The first request we have had from local authorities is for increased certainty about funding. For years, councils have called for the tools to improve services and deliver efficiencies over a longer horizon. That is why the 2015 spending review delivered a £200 billion flat cash settlement for local government and why we have delivered four-year funding allocations that provide the financial certainty required for councils to be bold and ambitious. They have used that funding certainty to publish long-term efficiency plans, showing their taxpayers that they can deliver great services and still live within their means.
The story does not end there, though. Last month, we introduced the Local Government Finance Bill, which will devolve 100% of business rates to local government and enshrine in law our commitment to providing funding certainty by establishing a legal framework for multi-year settlements. The revenue support grant will be abolished, so councils will become financially self-sufficient. With services financed locally, councils will be even more accountable to their electorates, rather than to Ministers in Whitehall.

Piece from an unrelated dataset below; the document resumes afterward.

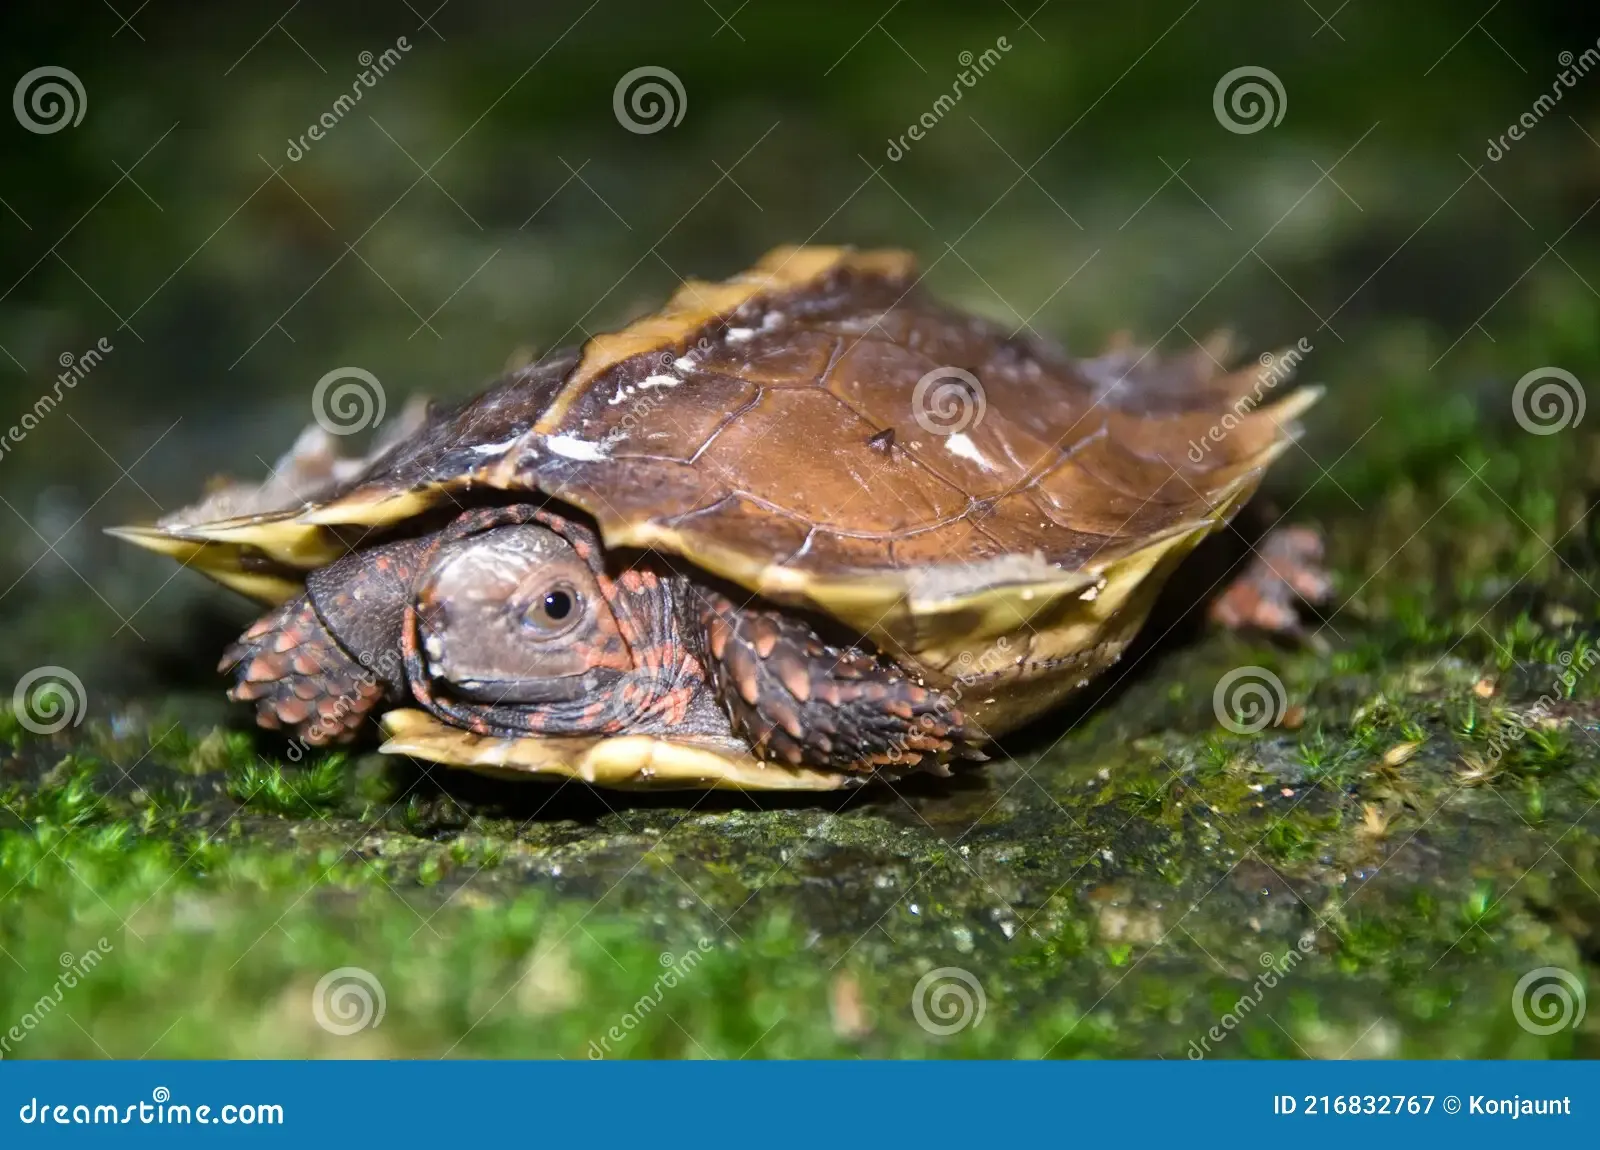 spiny-turtle-heosemys-spinosa-rock-green-moss-terrapin-cogwheel-wildness-forrest-rain-thailand-216832767.jpg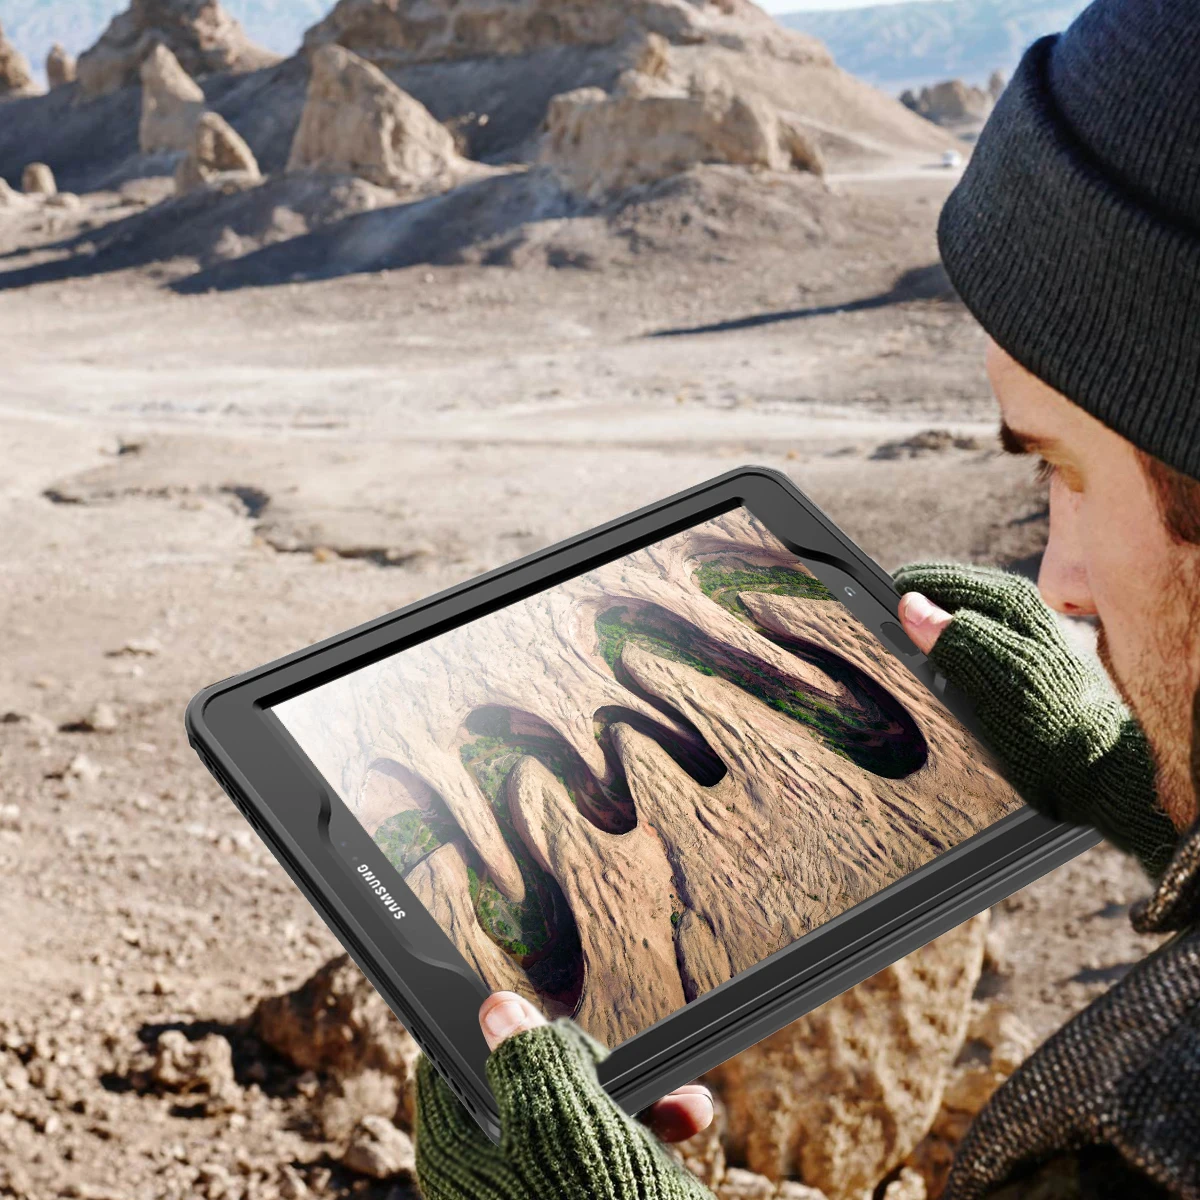 Чехол WIN Tablet чехол s для samsung Galaxy Tab S3 9,7 водонепроницаемый чехол для планшета противоударный пыленепроницаемый защитный чехол s

The Secretary of State says that councils are living within their means, but Trafford Council, for which I am the Member of Parliament, is having to draw on its reserves to meet the spending gap it faces as a result of the reduction in the revenue support grant, which, even in a rich authority like Trafford, is not fully compensated by the ability to retain more business rates.
The Under-Secretary of State for Communities and Local Government, my hon. Friend the Member for Brigg and Goole (Andrew Percy), who has responsibility for local growth, met Trafford Council recently. I meet many councils myself and listen to some of their challenges. Trafford Council is one of the authorities that is implementing some efficiencies, but there are always more things that can be done, some of which I shall highlight later.
Hull City Council wrote to the Secretary of State a short while ago. In his response, he offered to meet the leader of the council and its chief executive. We waited many weeks for that meeting to be set up, until we received a letter from the correspondence secretary saying that the Secretary of State was not able to meet. Having just said what he did about meeting local authorities, will he now agree to a meeting with Hull City Council?
I assure the hon. Lady that Ministers from my Department have had several meetings with Hull City Council, and I, too, am happy to meet the council. If I remember correctly, I received a letter in November and replied within weeks. I am more than happy to meet—in fact, I contacted Hull City Council only today to offer a meeting.
Under the new system, there will no longer be an annual finance settlement that is reviewed and imposed by Westminster each year. Instead, the Government will set the envelope and the principles for allocating funding over a period, and it will be for councils to grow their income. That could be done in a variety of ways, from attracting new businesses and building new homes to working with local partners to deliver more efficient and joined-up local services. One hundred per cent. business rates retention is being piloted from next year by Greater Manchester, Liverpool City Region, West Midlands, Cornwall, West of England and the Greater London Authority.
Lancashire has the third lowest tax base of any of the shire local authorities. Preston welcomes the reduction in business rates, but, effectively, what it means is that the 100% tax take will be lower as a result of the reduction in business rates. We do not mind that, but the loss of central Government funding through the rate support grant will be a huge blow to both Lancashire and Preston.
There has been a reset for Lancashire, so it should not lose anything. If the hon. Gentleman wants to provide me with any further information that he thinks we may not be aware of, I will be happy to take a look at it.
The authorities that I have just mentioned will be able to keep more of the growth in their business rates income with no impact on the rest of local government. We plan to undertake further pilots in 2018-19 in areas without the devolution deal, including two-tier council areas.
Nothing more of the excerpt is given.